In the US, the history of novel technologies is inextricably tied to conversion and ‘civilizing missions.’ Many of the first books published in the colonies were written in Indigenous languages in an effort to convert Indigenous people to Christianity and ‘save their souls.’ The first Bible printed in North America was in Algonquin, and funded by the (informatively-named) Corporation for Promoting and Propagating the Gospel of Jesus Christ in New England. The ways that trains, dams and pipelines have been used are a direct extension of those practices and principles.
This legacy proves once again that we should be cynical of corporate missions that ‘connect’ people. We have to qualify what connection entails. Railroading Religion shows settler technology as a source of strength, with its railroad lobbyists actively mediating on behalf of the LDS Church. Our History is the Future reveals these same tools to be tendrils of the effort to eliminate Indigenous peoples. That these arguments differ due to racism and colonialism is clear—the project of turning land into territory existed and still exists in the name of Manifest Destiny.
But the traditions that Estes describes show what roles technologies can play in the context of larger social, material, and ecological relations—a spiritual world of technology within other worlds. This is an ethical and political project long in the making.
Our History Is the Future highlights concrete means through which technologies and economic imperatives can be less extractive and more meditative. For instance, the legal construction of corporations as people (as Mitt Romney loves to remind us) invites the same privileges for natural entities like water and land. “Water Protectors personify water and enact kinship to the water, the river, enforcing a legal order of their own,” Estes affirms. “If the water, a relative, is not protected, then the river is not free, and neither are its people.”

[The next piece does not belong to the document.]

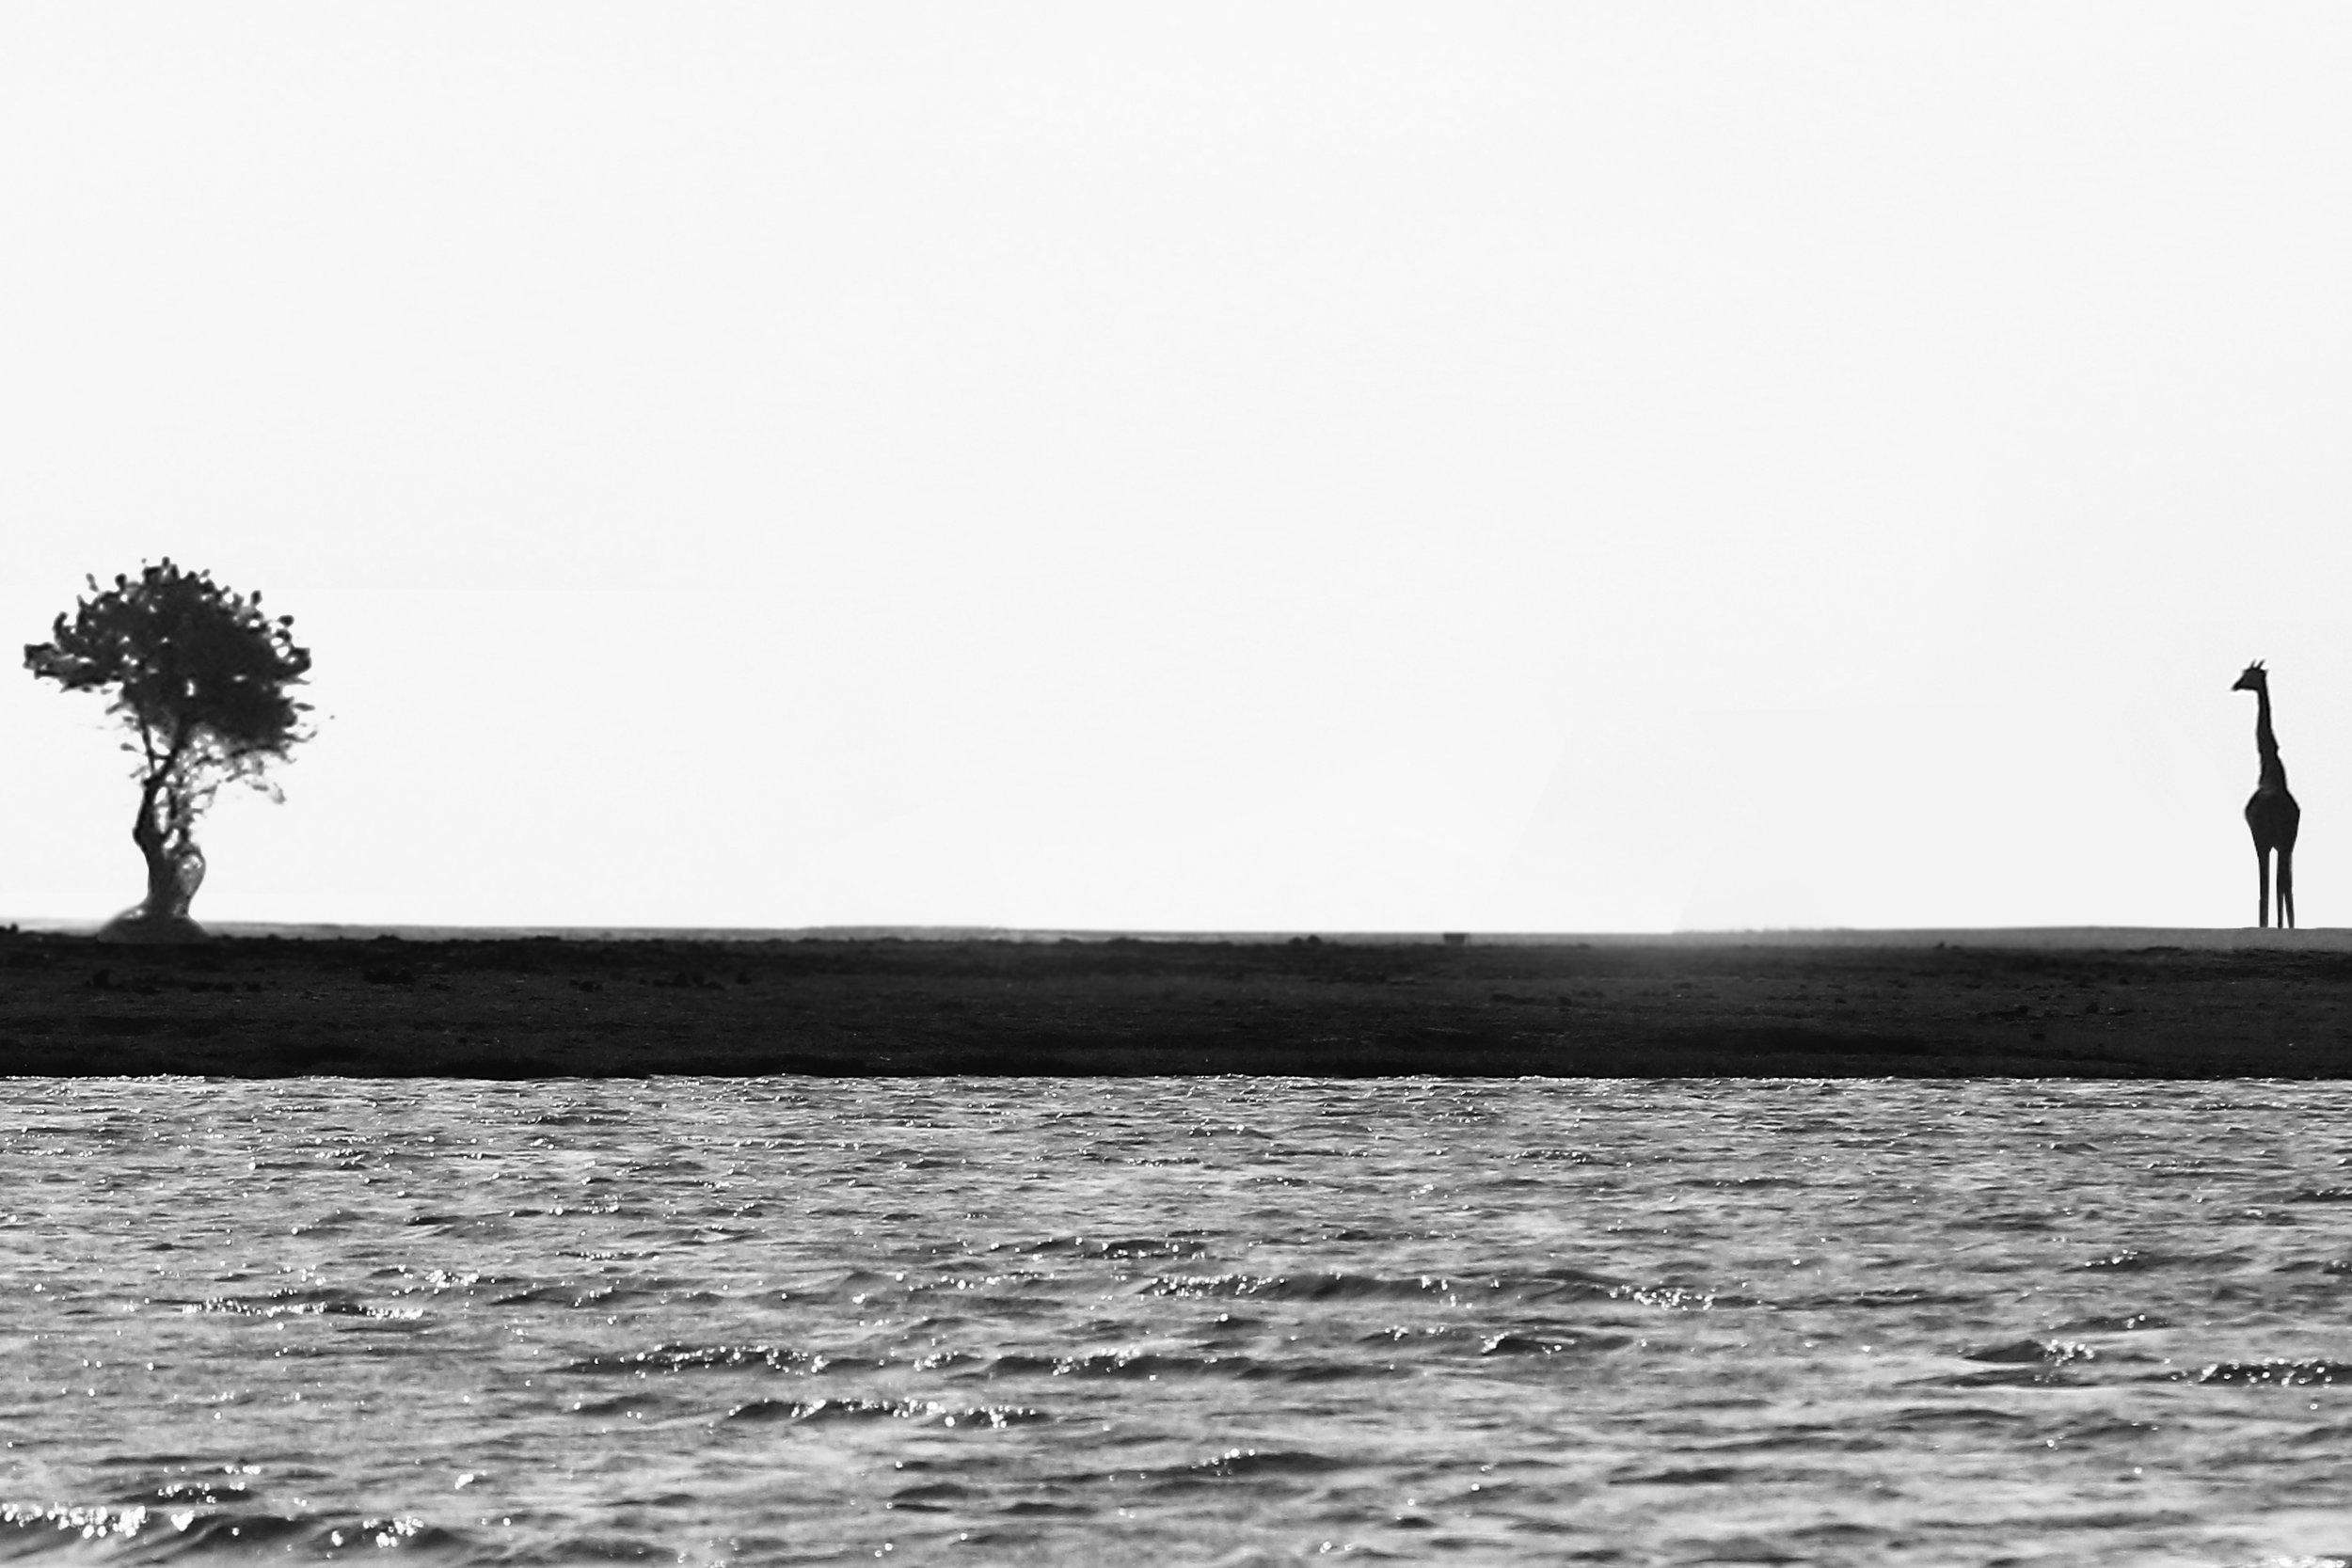 Photographed by  Jason Naudé
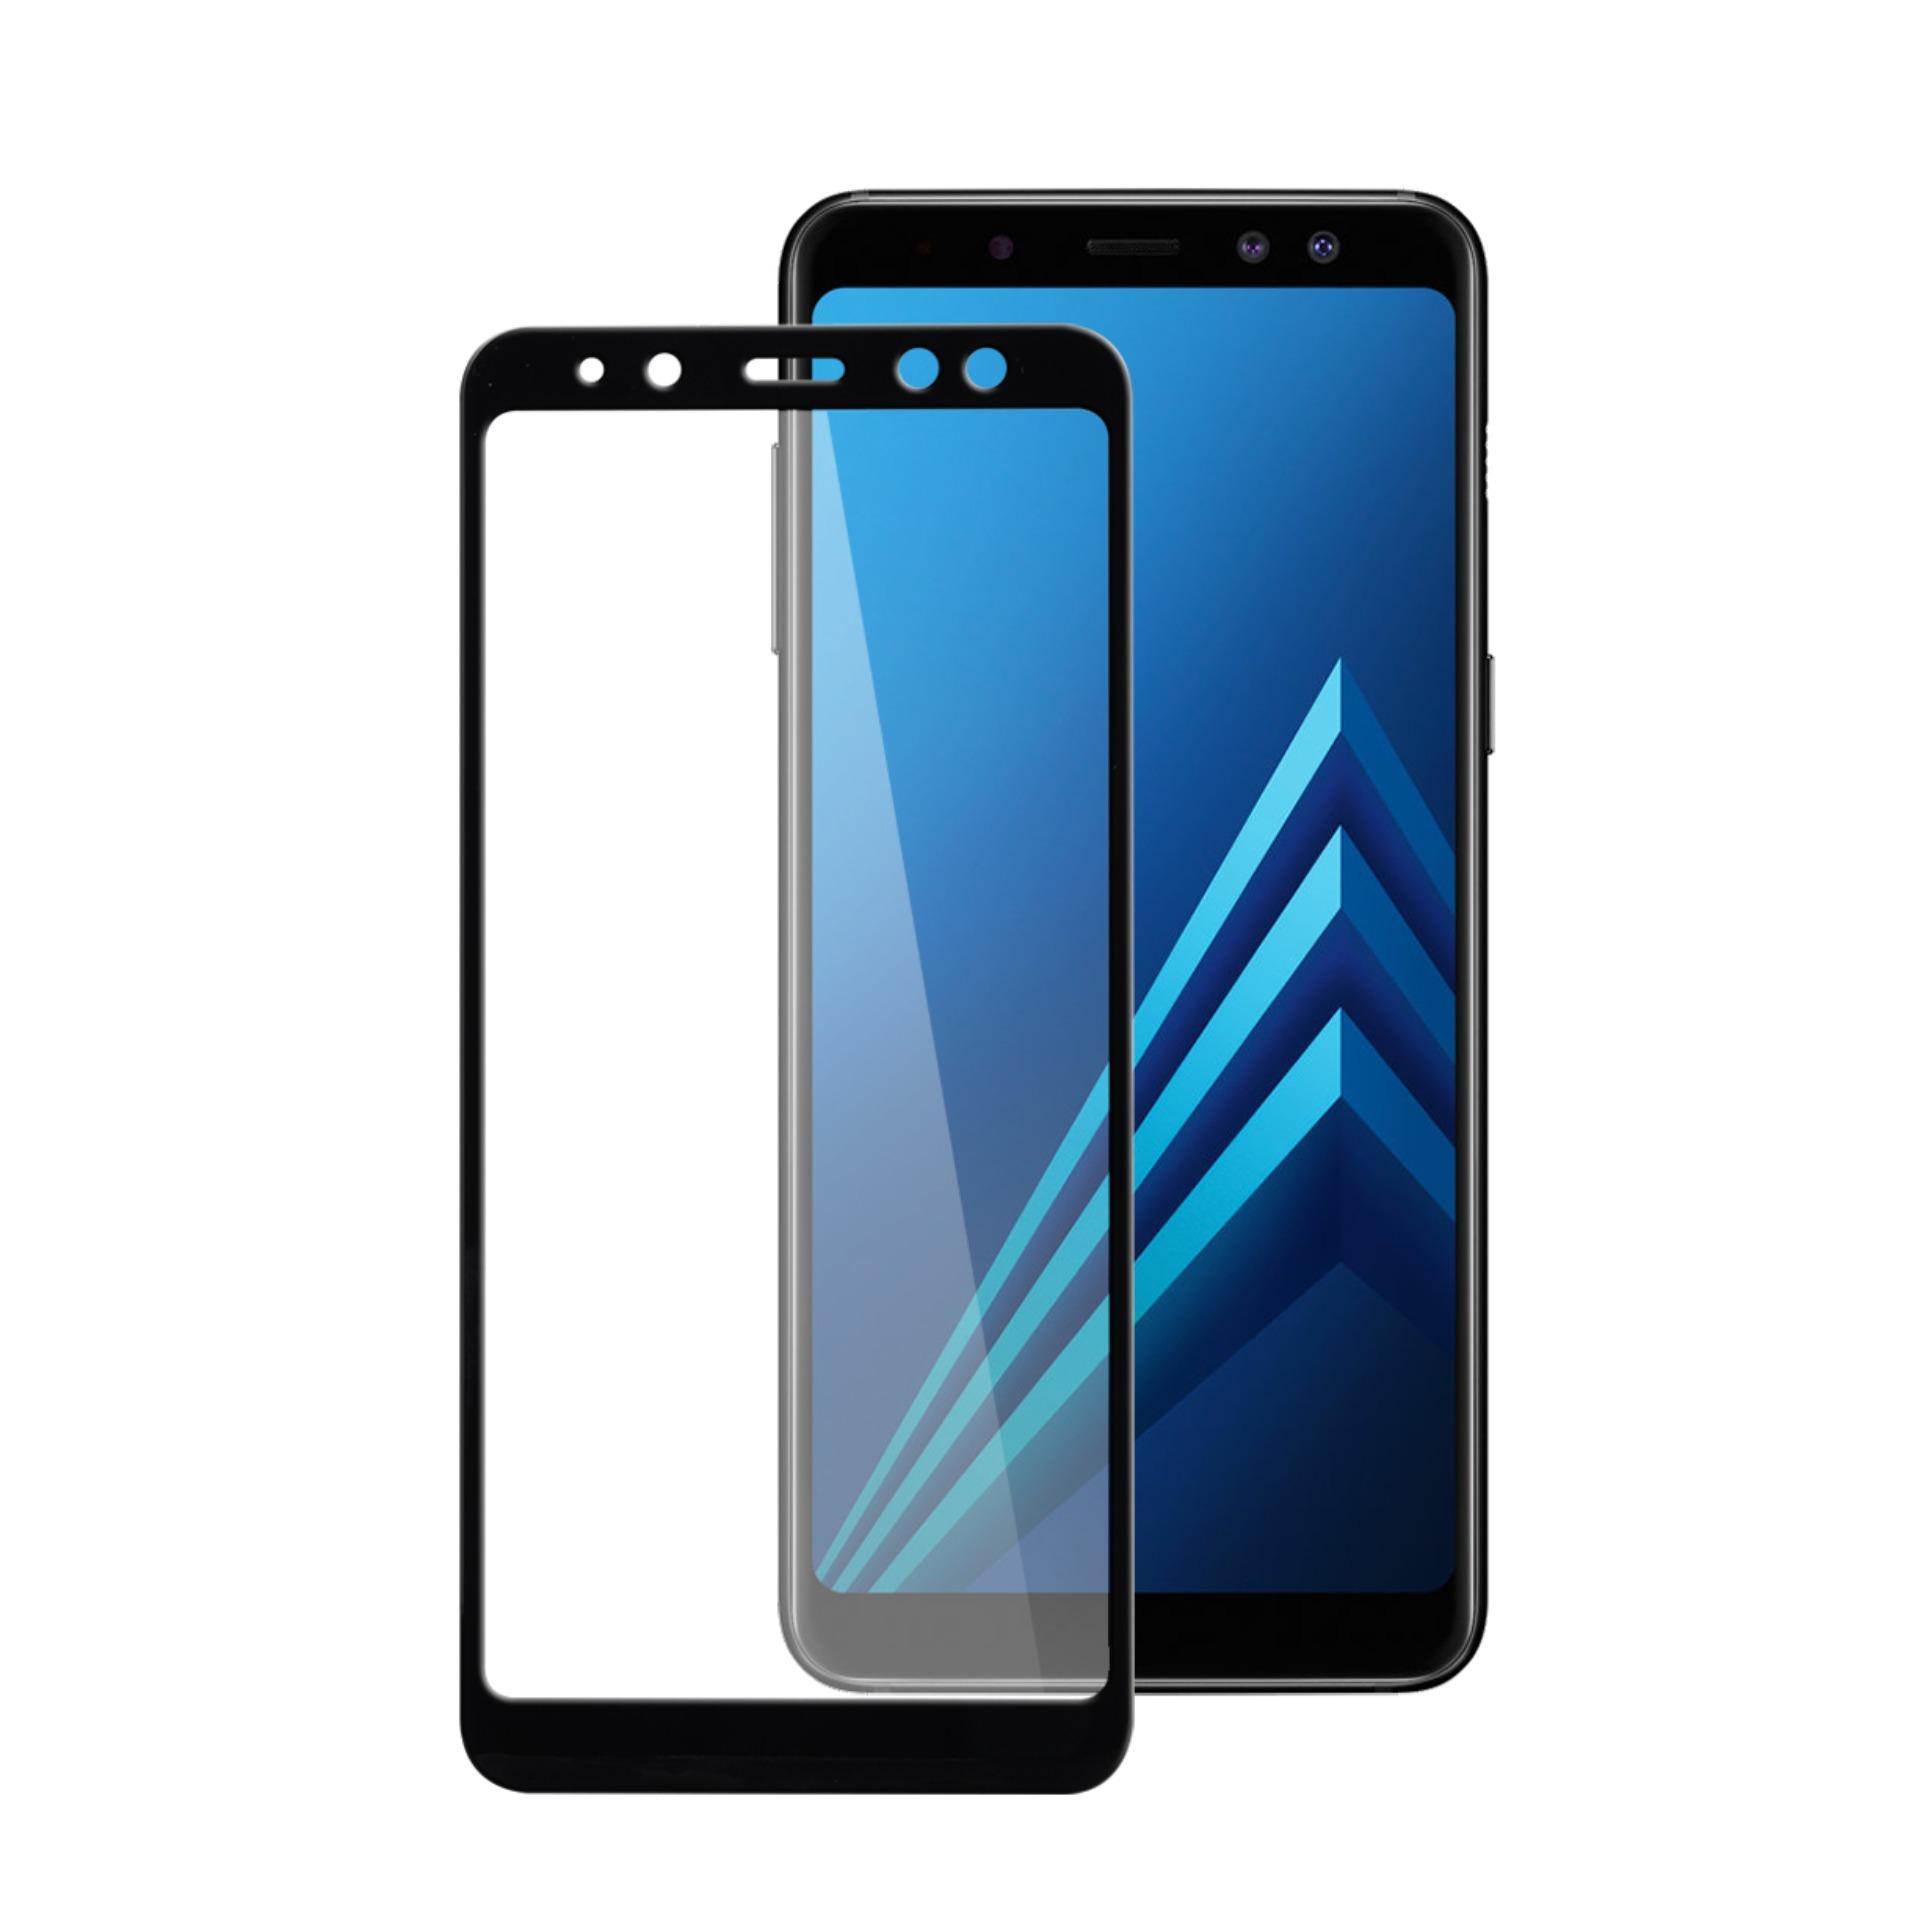 Vn Full Cover Samsung Galaxy A8 2018 A530 4G LTE Duos

These traditions and kinships also make clear that planned obsolescence is more than an ecological harm which violates the treaties that should exist between technological and non-human entities, but a relational and spiritual one that harms human beings as well. And, of course, they prove that ‘risk management’ is a nebulous construct, one vulnerable to the whims of its calculator, compelling more rigorous mechanisms of consent and dissent before a technology—a railroad, a pipeline, a dam, a facial recognition system—is constructed, let alone imagined. It also calls for the abolition of existing economic, political, and technological practices of empire, which certainly adds (even more) weight to the call to abolish big data framed as a product of chattel slavery by Yeshimabeit Milner of Data for Black Lives.
“Indigenous resistance is not a one-time event. It continually asks: What proliferates in the absence of empire?” Estes raises. “Thus, it defines freedom not as the absence of settler colonialism, but as the amplified presence of Indigenous life and just relations with human and nonhuman relatives, and with the earth.” At the least, this commitment rescues talk of the ‘technological revolution’ from the clutches of Steve Jobs-y buzzspeak.